34: El principio del final
—Podías haberle matado Jean —es lo único que atino a decir tras el estruendoso sonido.
Mi madre apretó el gatillo, pero estaba tan distraída viendo como mi hermano sacudía a Luis en el suelo, que ignoro cuándo cambió la dirección del arma. La bala salió por la ventana del comedor con destino al jardín.
—Ojalá lo hubiese hecho —contesta furioso.
Luis aprovecha para levantarse, con las pocas fuerzas que le quedan y la sangre brotándole de la nariz y la boca.
— ¡Le voy a denunciar por esto! ¡Vas a acabar tras las rejas chiquillo!
— ¡Lárgate de mi casa! —grita mamá encolerizada. Tras el disparo el arma se le resbaló de las manos, que aún le tiemblan por la tensión del momento.
Una hora después, vamos todos en el auto camino a la comisaría, a excepción de Will, encargada de recoger a los niños en el colegio, pues Yiza está en una conferencia en otra ciudad desde hace algunos días, según me han dicho. En el trayecto Jean, quien lleva el volante, me obliga a narrarle los últimos siete meses.
— ¿Tú dónde estabas mientras tanto Andrew? ¿Dónde estabas mientras mi hermana se escondía como una rata, lejos de su familia? ¿Por qué no dijiste nada?

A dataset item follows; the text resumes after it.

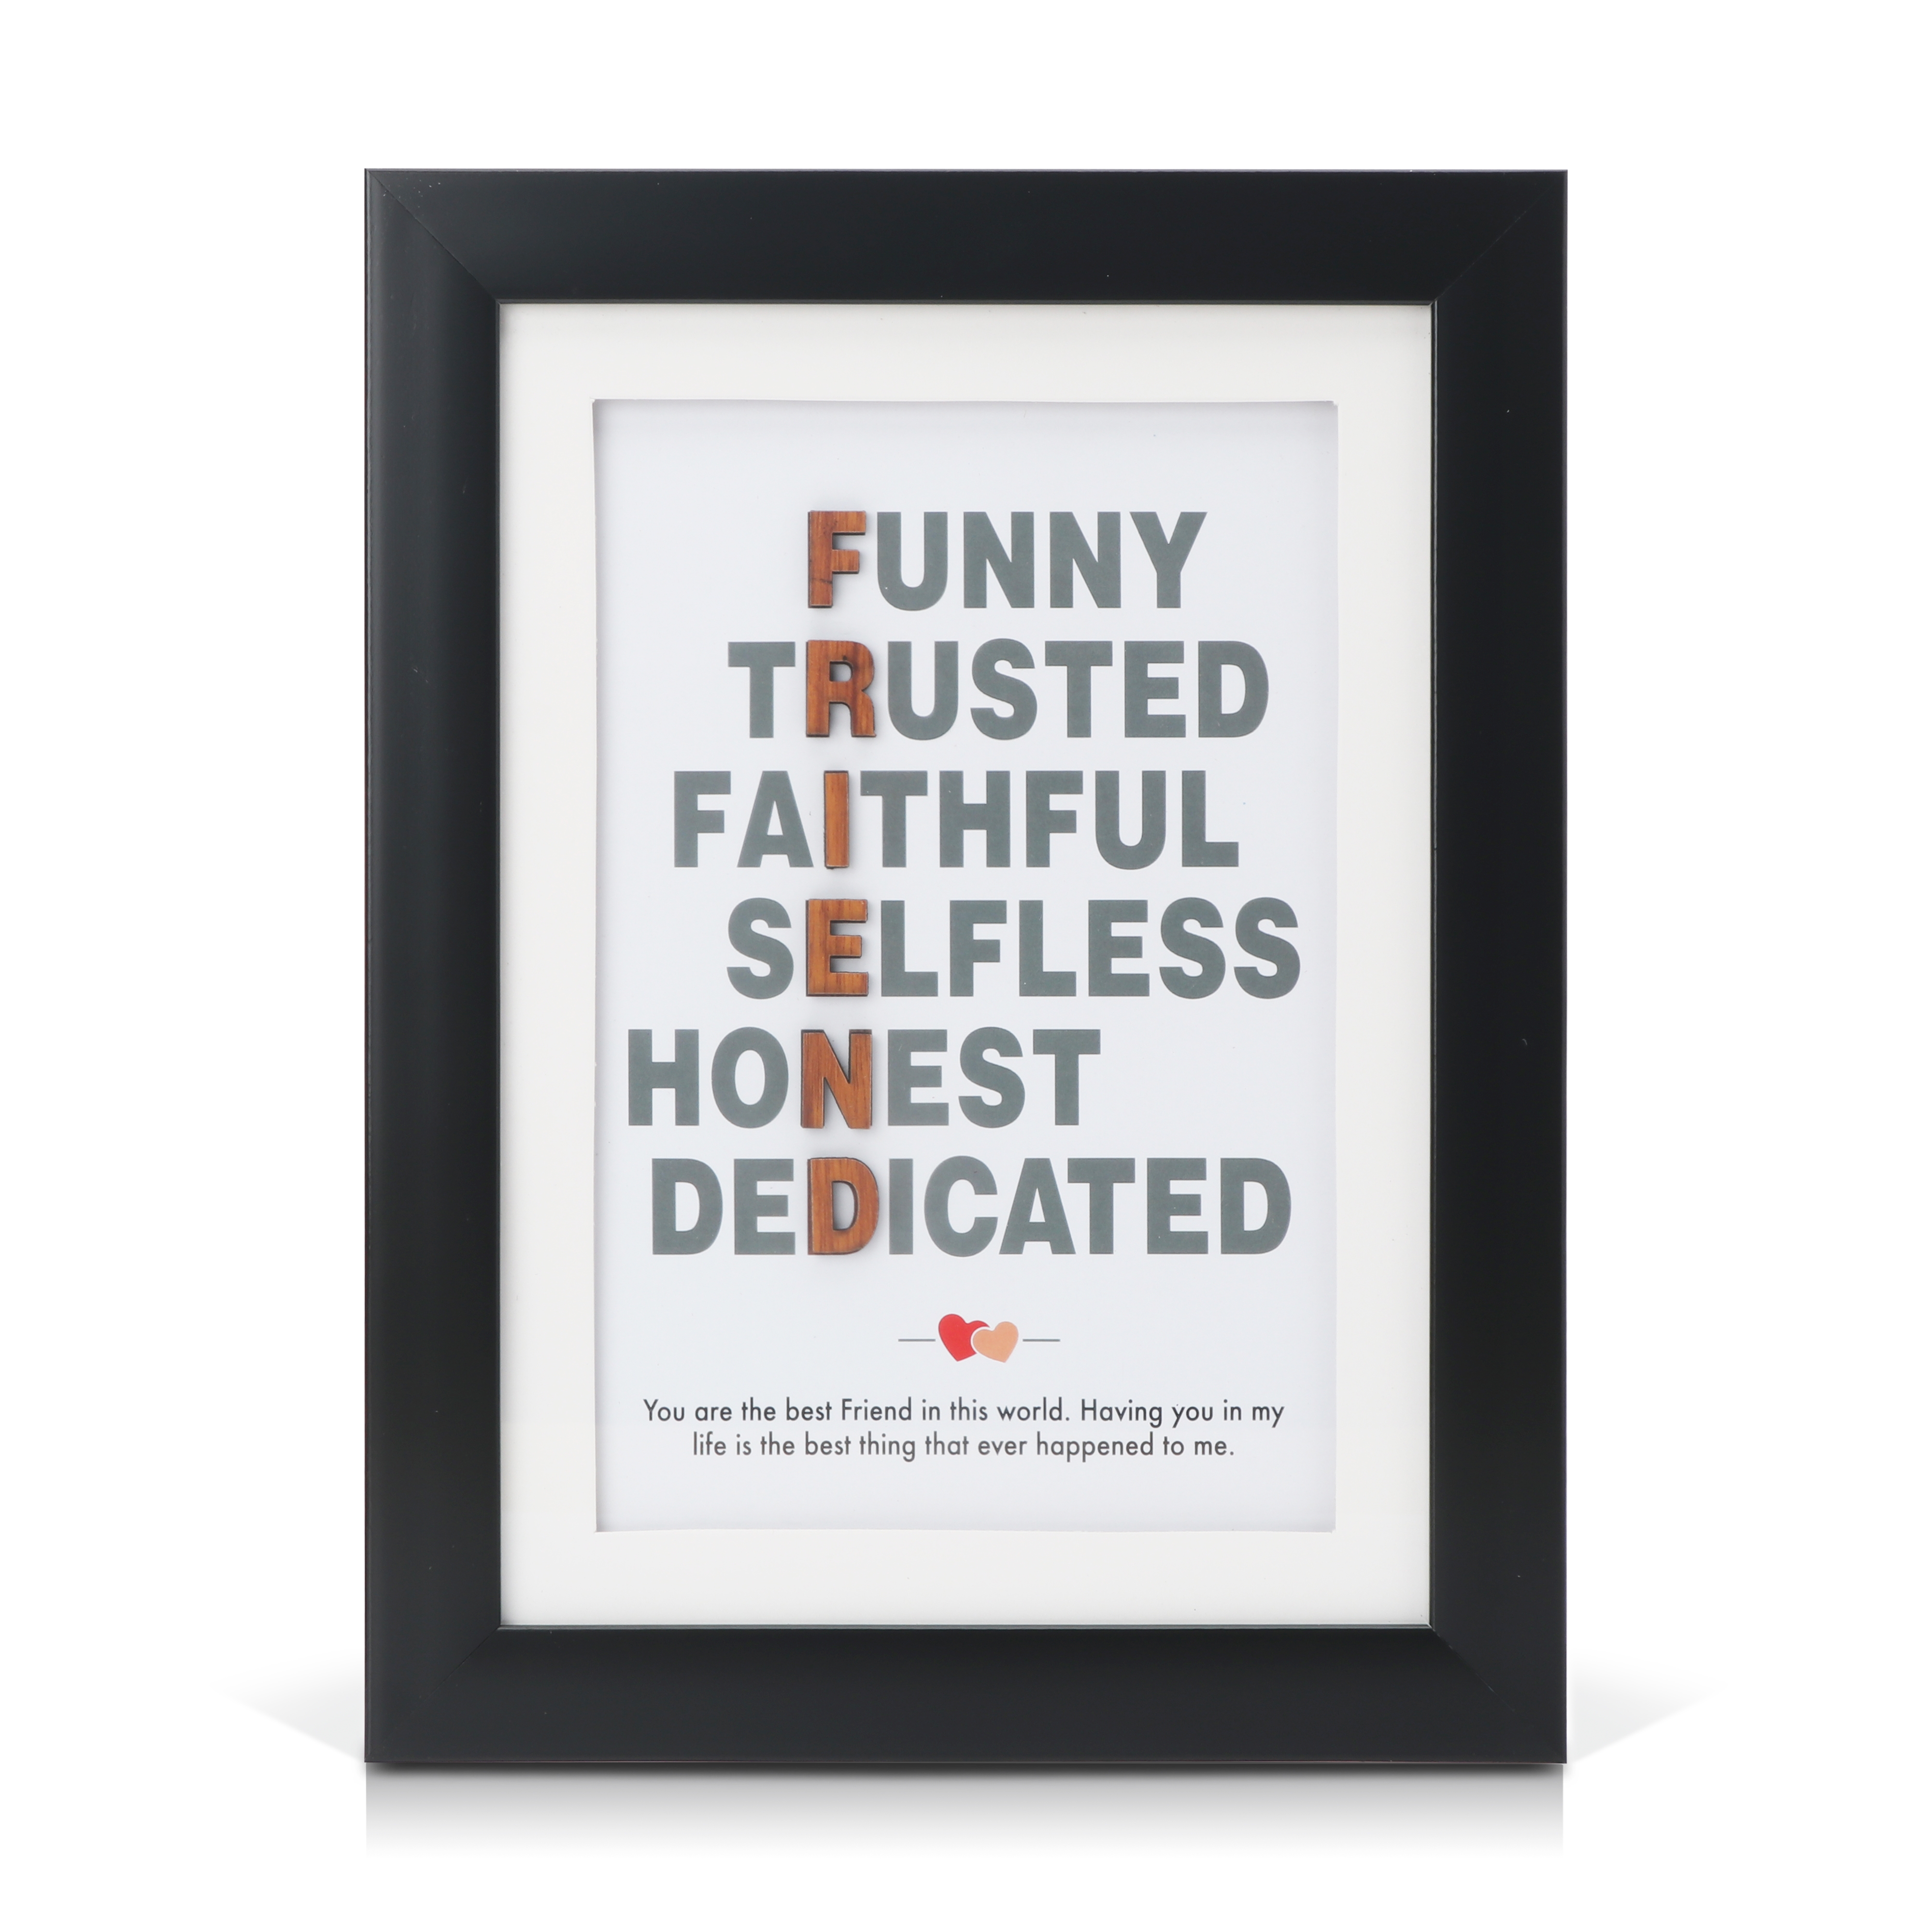 Archies | Archies Quotation Photo Frame with Greeting Card for Friend 0

—Había un matón siguiéndome a todas partes, vigilando cada paso que daba. Si les hubiese dicho tu hermana no estaría con nosotros ahora.
—Andrew es una víctima más Jean, créeme.
Me brinco toda la parte de la puñalada en el muslo. Mi hermano no entiende de razones, acabaría pegándole también a Andrew, quien además recibió el mismo entrenamiento que yo y que por tanto, sabe cómo defenderse. No, contarle no acabaría bien. Tendría que explicarle muchísimos detalles que me llevarían a decir que su vecino, Camel, asesinó a nuestro padre, quien era su hermano mayor.

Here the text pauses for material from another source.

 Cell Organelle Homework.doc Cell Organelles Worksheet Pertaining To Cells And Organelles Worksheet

— ¿Y el revólver mamá, de dónde lo has sacado? —sigue Jean.
—Era de tu padre.
— ¿De mi padre, por qué tendría papá un arma en casa? ¿Qué es lo que no me estáis diciendo? Quiero la verdad Galilea, tú lo sabes todo.
Accedo a contarle algunas cosas, evitando mencionar a Camel, pues sería demasiada información y ya se ha involucrado más de lo debido. Andrew coge mi mano, sabe que no puedo decirles todo aunque desearía hacerlo. Decido abreviar la historia, cuidando cada una de mis palabras hasta concluirla. Me he callado casi todo en realidad, pero es mejor así.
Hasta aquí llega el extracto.